(Raw data)
......

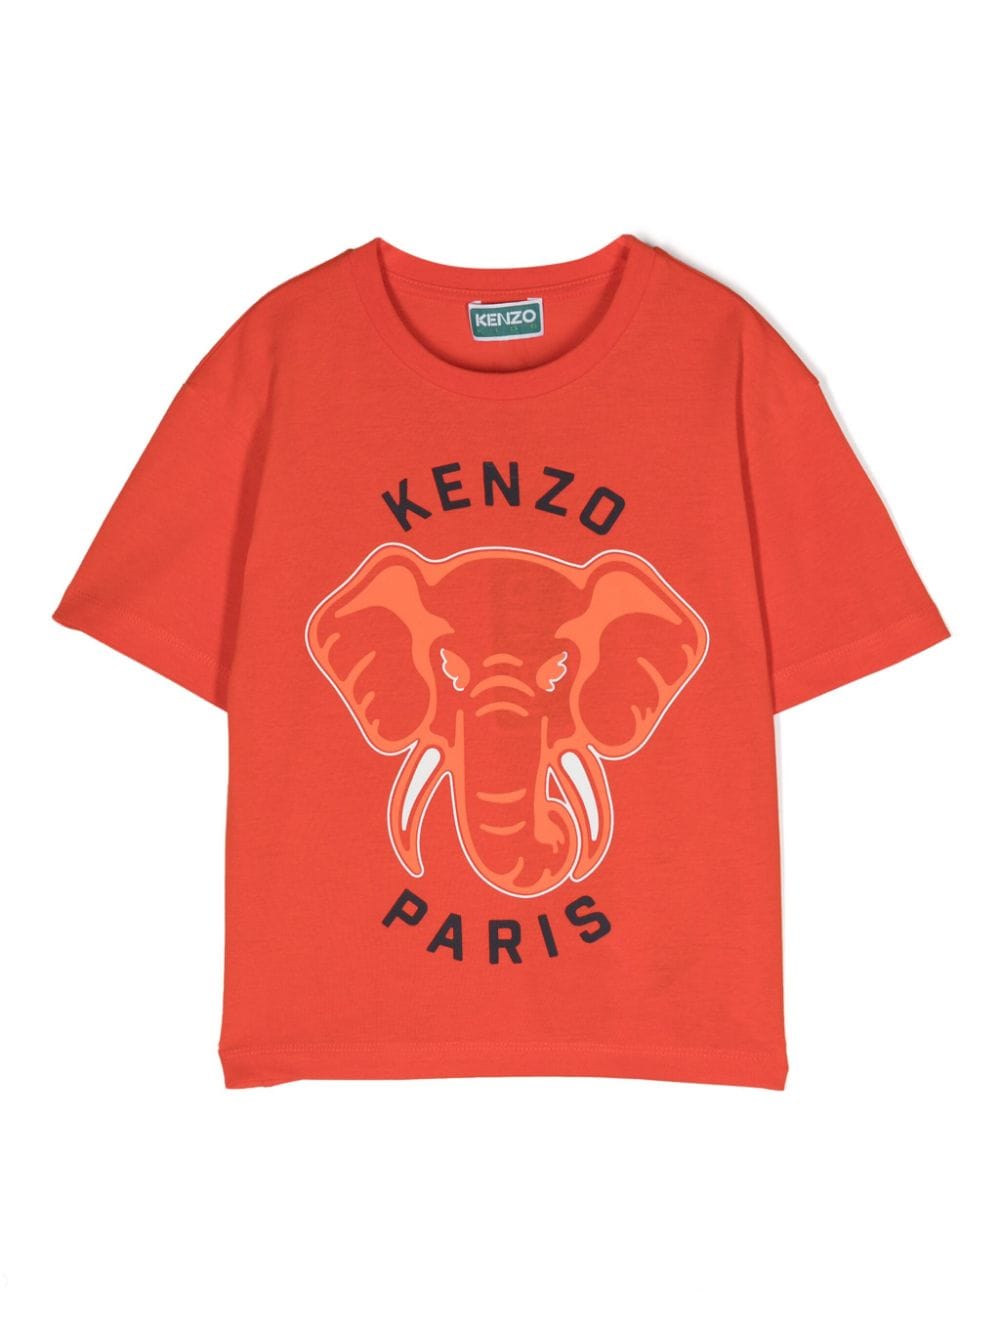 Kenzo Kids' Orange T-shirt For Boy With Elephant In Red
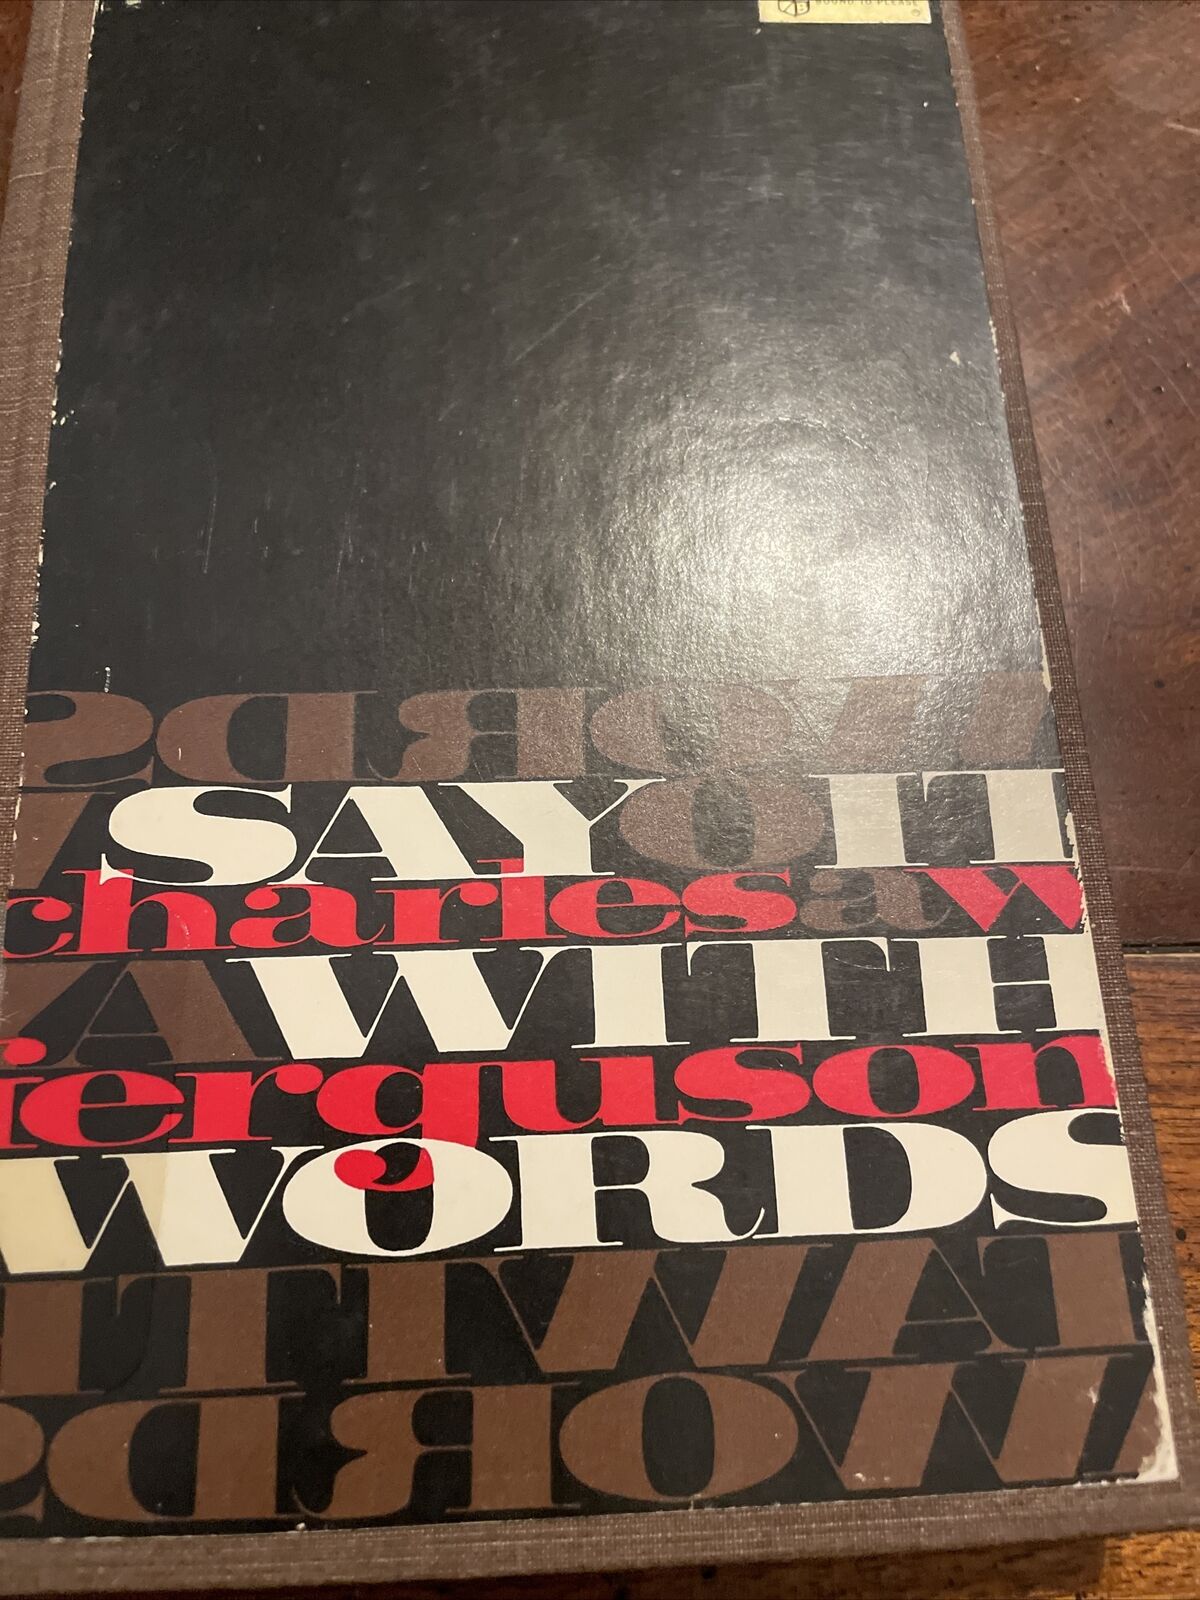 SAY IT WITH WORDS By Charles W. Ferguson 1969 Printing
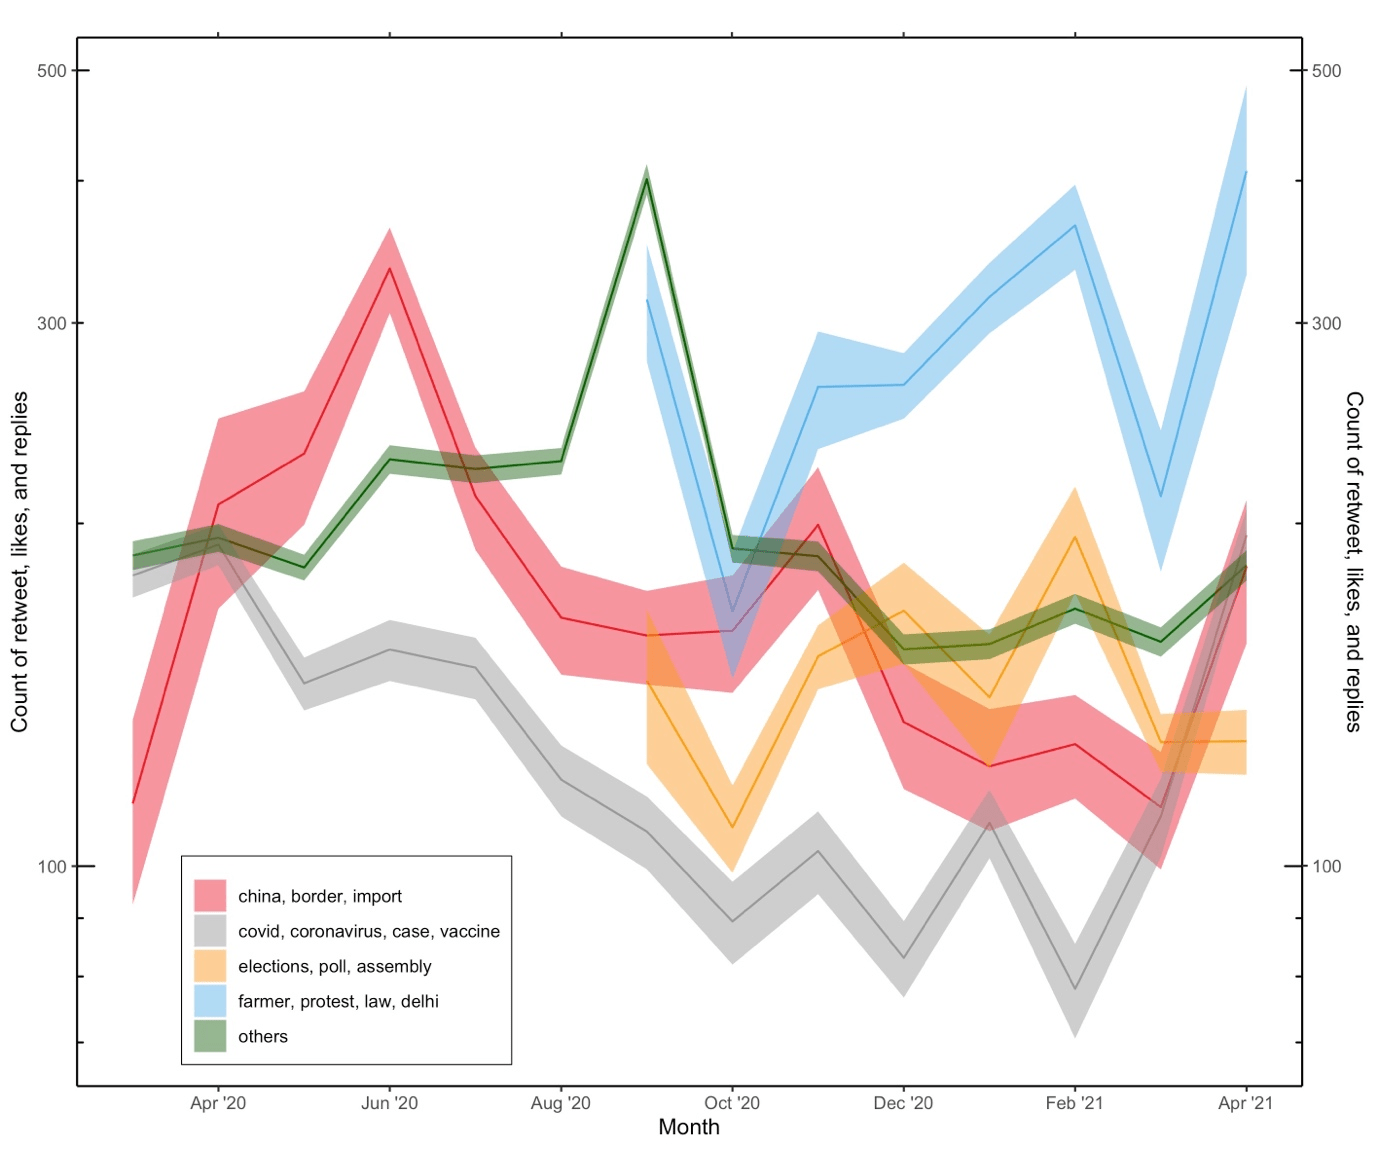 Figure 4 Count of Twitter retweets, likes, and replies over time across topics
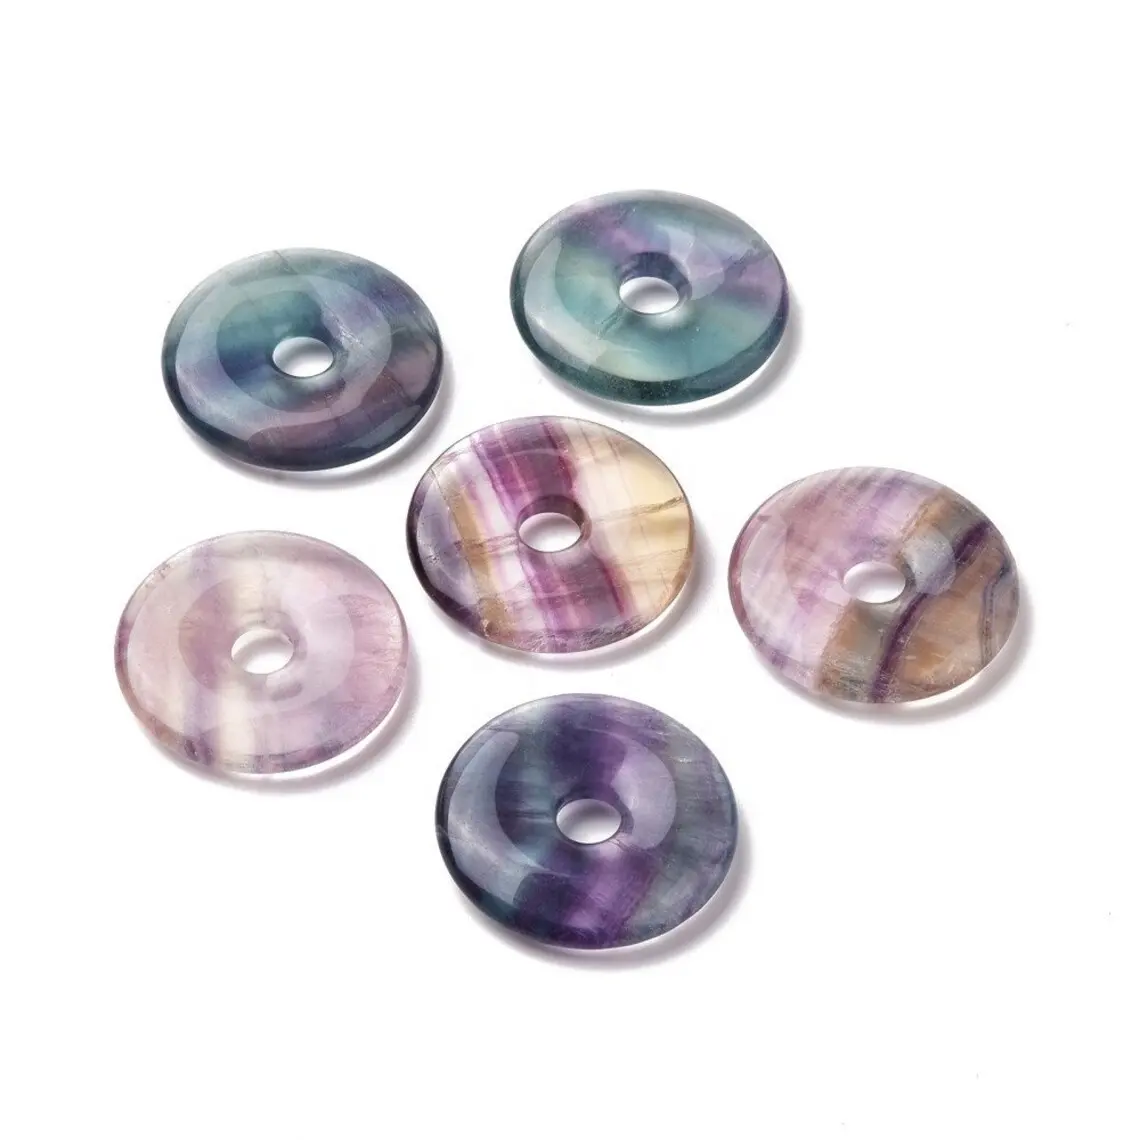 Polished Rainbow Fluorite Gemstone Donut Disc Pendants Quartz Amulet Lucky Coin Crystal Stones for Jewelry Making

......

(What you are asked to do) Without changing a word, restate the listing above; the pictures stay out.

(Exercise result)
 Kenzo Kids' Orange T-shirt For Boy With Elephant In Red
 SAY IT WITH WORDS By Charles W. Ferguson 1969 Printing
 Figure 4 Count of Twitter retweets, likes, and replies over time across topics
 Polished Rainbow Fluorite Gemstone Donut Disc Pendants Quartz Amulet Lucky Coin Crystal Stones for Jewelry Making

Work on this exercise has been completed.